A suite of utilities to query and modify JavaScript source

Primary LanguageTypeScriptApache License 2.0Apache-2.0

Shift Refactor

shift-refactor is a suite of utility functions designed to analyze and modify JavaScript source files.

It originated as a tool to reverse engineer obfuscated JavaScript but is general-purpose enough for arbitrary transformations.

Who is this for?

Anyone who works with JavaScript ASTs (Abstract Syntax Trees). If you're not familiar with ASTs, here are a few use cases where they come in useful:

  • Automatic refactoring, making sweeping changes to JavaScript source files (Developers, QA).
  • Analyzing JavaScript for linting, complexity scoring, etc (Developers, QA).
  • Extracting API details to auto-generate documentation or tests (Developers, QA).
  • Scraping JavaScript for information or security vulnerabilities (Pen Testers, QA, Security Teams, Hacker types).
  • Programmatically transforming malicious or obfuscated JavaScript (Reverse Engineers).

Status

Stable.

Installation

$ npm install shift-refactor

Usage

The script below finds and prints all literal strings in a script.

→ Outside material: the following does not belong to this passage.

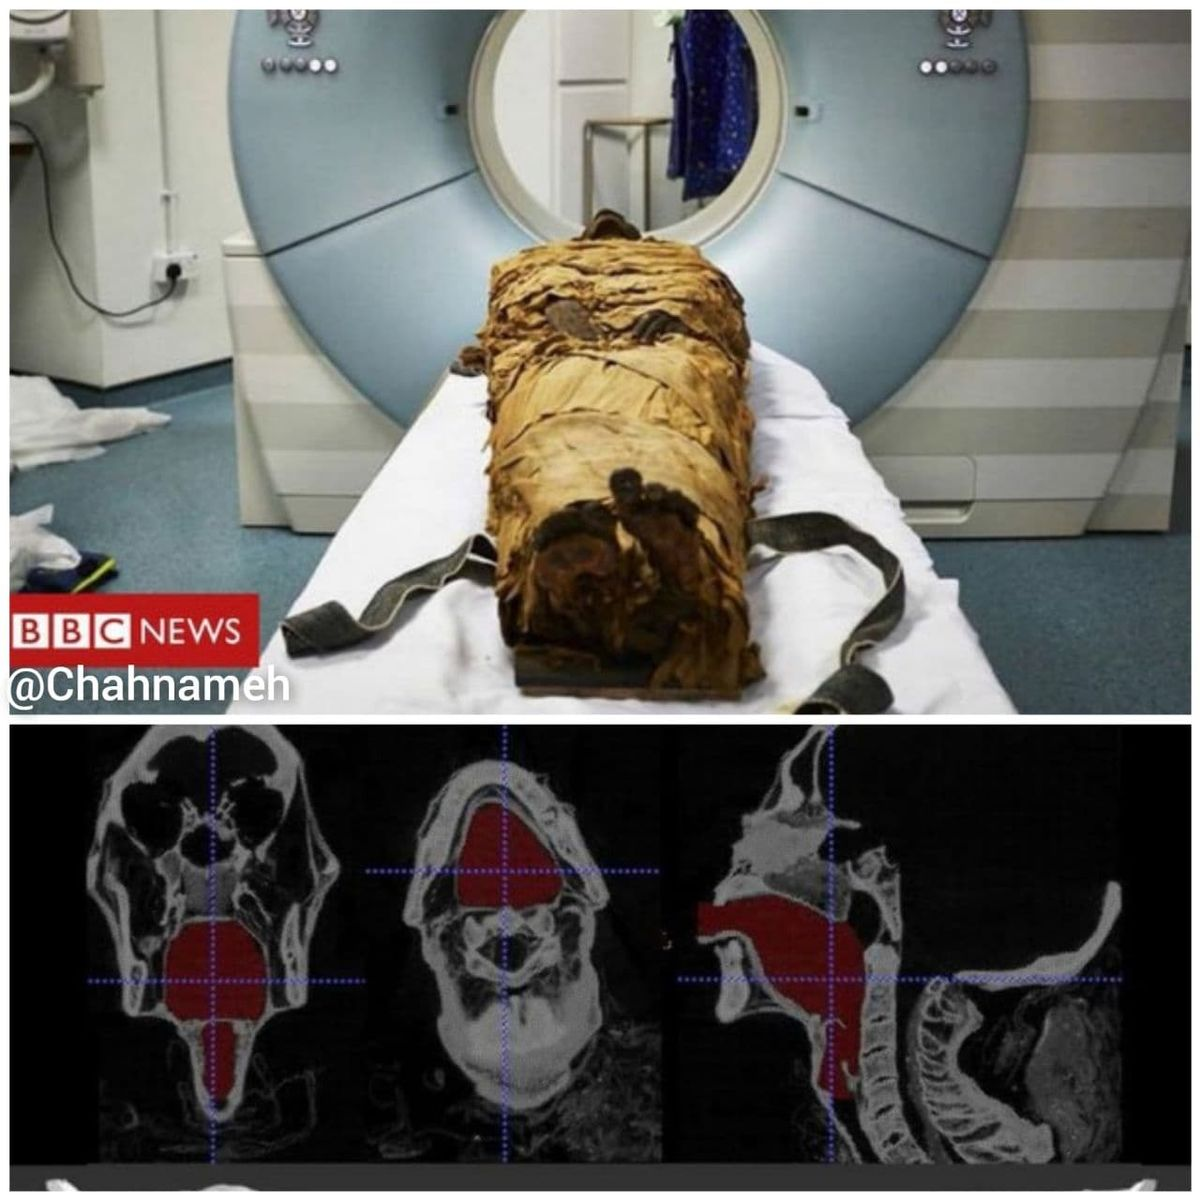 بازسازی صدای یک مومیایی ۳٠٠٠ساله مصری +عکس

// Read 'example.js' as text
const fs = require('fs');
const src = fs.readFileSync('example.js', 'utf-8');

const { refactor } = require('.');

// Create a refactor query object
const $script = refactor(src);

// Select all `LiteralStringExpression`s
const $stringNodes = $script('LiteralStringExpression')

// Turn the string AST nodes into real JS strings
const strings = $stringNodes.codegen();

// Output the strings to the console
strings.forEach(string => console.log(string));

Advanced Example

This script takes the obfuscated source and turns it into something much more readable.

const { refactor } = require('.'); // require('shift-refactor');
const Shift = require('shift-ast');

// Obfuscated source
const src = `var a=['\x74\x61\x72\x67\x65\x74','\x73\x65\x74\x54\x61\x72\x67\x65\x74','\x77\x6f\x72\x6c\x64','\x67\x72\x65\x65\x74','\x72\x65\x61\x64\x65\x72'];var b=function(c,d){c=c-0x0;var e=a[c];return e;};(function(){class c{constructor(d){this[b('0x0')]=d;}['\x67\x72\x65\x65\x74'](){console['\x6c\x6f\x67']('\x48\x65\x6c\x6c\x6f\x20'+this[b('0x0')]);}[b('0x1')](e){this['\x74\x61\x72\x67\x65\x74']=e;}}const f=new c(b('0x2'));f[b('0x3')]();f[b('0x1')](b('0x4'));f[b('0x3')]();}());`;

const $script = refactor(src);

const strings = $script(`Script > :first-child ArrayExpression > .elements`);

const destringifyDeclarator = $script(`VariableDeclarator[binding.name="b"][init.params.items.length=2]`);

destringifyDeclarator.rename('destringify');

const destringifyOffset = destringifyDeclarator.$(`BinaryExpression > LiteralNumericExpression`);

const findIndex = (c, d) => c - destringifyOffset.first().value;

$script(`CallExpression[callee.name="destringify"]`).replace(
  node => {
    return new Shift.LiteralStringExpression({
      value: strings.get(findIndex(node.arguments[0].value)).value
    })
  }
)

$script(`[binding.name="a"]`).delete();
$script(`[binding.name="destringify"]`).delete();

$script.convertComputedToStatic();

console.log($script.print());

Query Syntax

The query syntax is from shift-query (which is a port of esquery) and closely resemble CSS selector syntax.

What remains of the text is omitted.